2025-11-17

Introduction

This is a presentation discussing Simple Linear Regression. We will explore the basic ideas, mathematics, and visualizations that help us understand how one variable can be used to predict another.

What Is Simple Linear Regression?

Simple linear regression is a statistical method used to model the relationship between:

  • one independent variable (predictor)
  • one dependent variable (response)

The model assumes the relationship can be expressed as a straight line:

\[ Y = \beta_0 + \beta_1 X + \epsilon \]

Where
- \(\beta_0\) is the intercept
- \(\beta_1\) is the slope
- \(\epsilon\) is the error term

Exploring the Relationship Between Two Variables

To understand simple linear regression, we start by visualizing the relationship between two quantitative variables.

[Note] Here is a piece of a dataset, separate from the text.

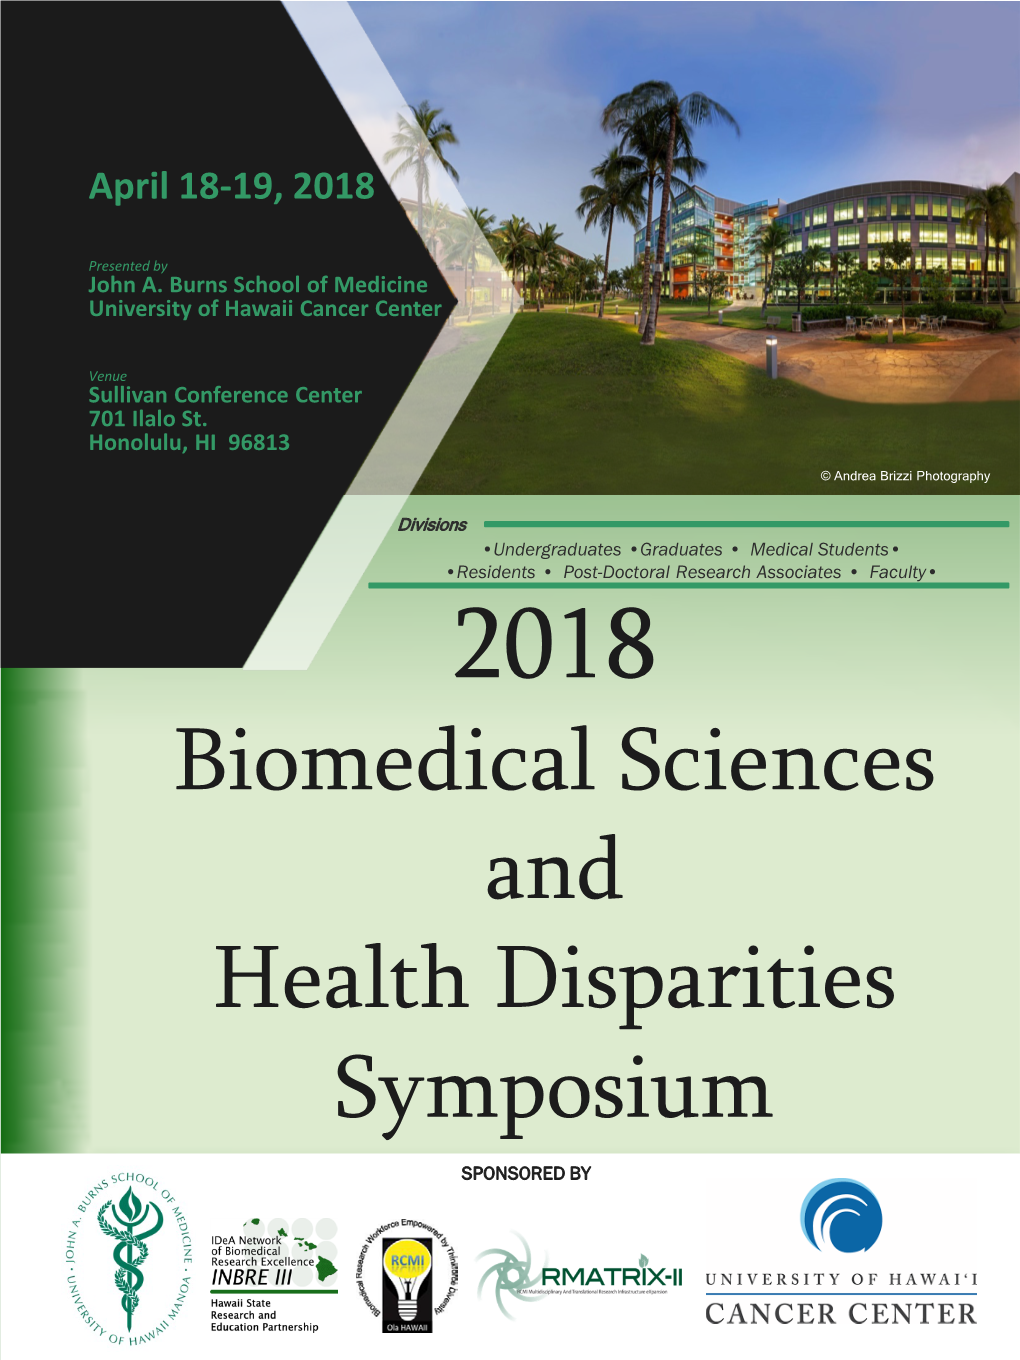 2018 Biomedical Sciences and Health Disparities Program

Here, we examine how car weight (wt) relates to miles per gallon (mpg) using the mtcars dataset.

Adding a Regression Line

A simple linear regression line helps us see the general trend. It represents the predicted relationship between car weight and fuel efficiency.

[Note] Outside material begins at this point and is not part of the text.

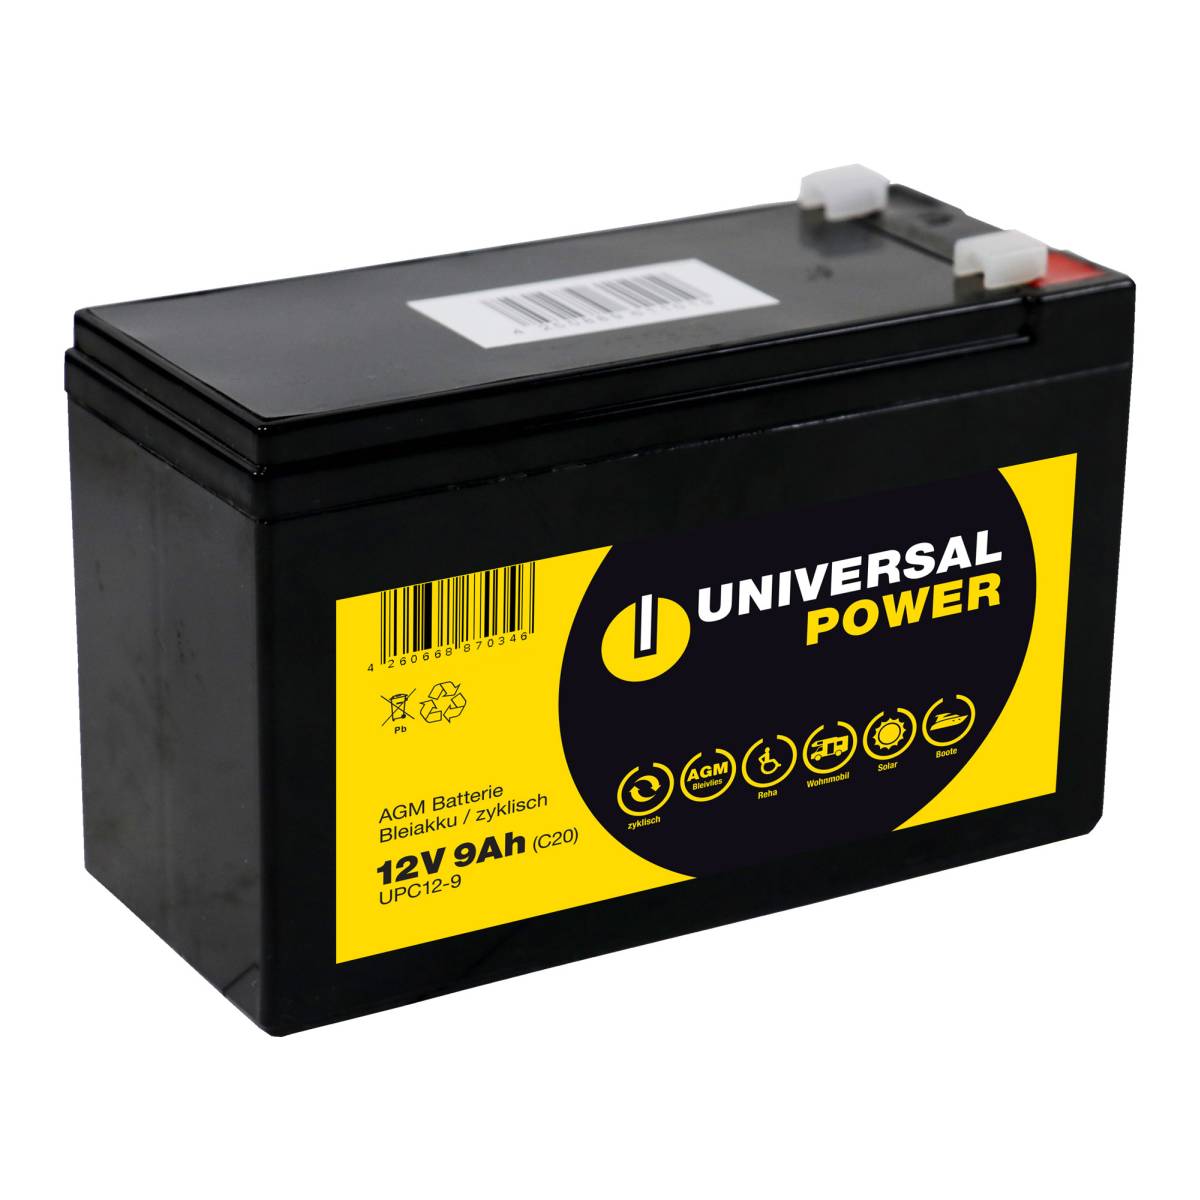 Universal Power UPA12-100 Solar Batterie Wohnmobilbatterie 12V 100Ah  zyklenfest

## `geom_smooth()` using formula = 'y ~ x'

## The Simple Linear Regression Model

The goal of simple linear regression is to model how a response variable \(Y\) changes with a predictor variable \(X\).

We assume the following mathematical model:

\[ Y_i = \beta_0 + \beta_1 X_i + \epsilon_i \]

Where:

  • \(\beta_0\) = intercept (value of \(Y\) when \(X = 0\))
  • \(\beta_1\) = slope (change in \(Y\) for each 1-unit increase in \(X\))
  • \(\epsilon_i\) = random error for each observation

Estimating the Coefficients

The parameters \(\beta_0\) and \(\beta_1\) are estimated using the least squares method, which minimizes the total squared error:

\[ \min_{\beta_0, \beta_1} \sum_{i=1}^{n} (Y_i - \hat{Y}_i)^2 \]

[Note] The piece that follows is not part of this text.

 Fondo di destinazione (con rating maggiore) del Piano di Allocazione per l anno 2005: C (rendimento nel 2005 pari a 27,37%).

The formulas for the least-squares estimates are:

\[ \hat{\beta}_1 = \frac{\sum (X_i - \bar{X})(Y_i - \bar{Y})} {\sum (X_i - \bar{X})^2} \]

\[ \hat{\beta}_0 = \bar{Y} - \hat{\beta}_1 \bar{X} \]

Fitting a Linear Regression Model in R

We can use R’s built-in lm() function to estimate the intercept and slope for predicting mpg from weight (wt).

model <- lm(mpg ~ wt, data = mtcars)
summary(model)
## 
## Call:
## lm(formula = mpg ~ wt, data = mtcars)
## 
## Residuals:
##     Min      1Q  Median      3Q     Max 
## -4.5432 -2.3647 -0.1252  1.4096  6.8727 
## 
## Coefficients:
##             Estimate Std. Error t value Pr(>|t|)    
## (Intercept)  37.2851     1.8776  19.858  < 2e-16 ***
## wt           -5.3445     0.5591  -9.559 1.29e-10 ***
## ---
## Signif. codes:  0 '***' 0.001 '**' 0.01 '*' 0.05 '.' 0.1 ' ' 1
## 
## Residual standard error: 3.046 on 30 degrees of freedom
## Multiple R-squared:  0.7528, Adjusted R-squared:  0.7446 
## F-statistic: 91.38 on 1 and 30 DF,  p-value: 1.294e-10

Interactive Plotly Visualization

Here is an interactive scatterplot showing the relationship between car weight and miles per gallon.

Conclusion

Simple linear regression provides a powerful yet easy-to-understand method for modeling the relationship between two quantitative variables. By:

  • visualizing data with scatterplots
  • estimating the regression line
  • using R functions like lm()
  • and interpreting the results

we can understand how changes in one variable are associated with changes in another.

Linear regression is widely used in science, engineering, business, economics, and many other fields—making it one of the most essential tools in statistics.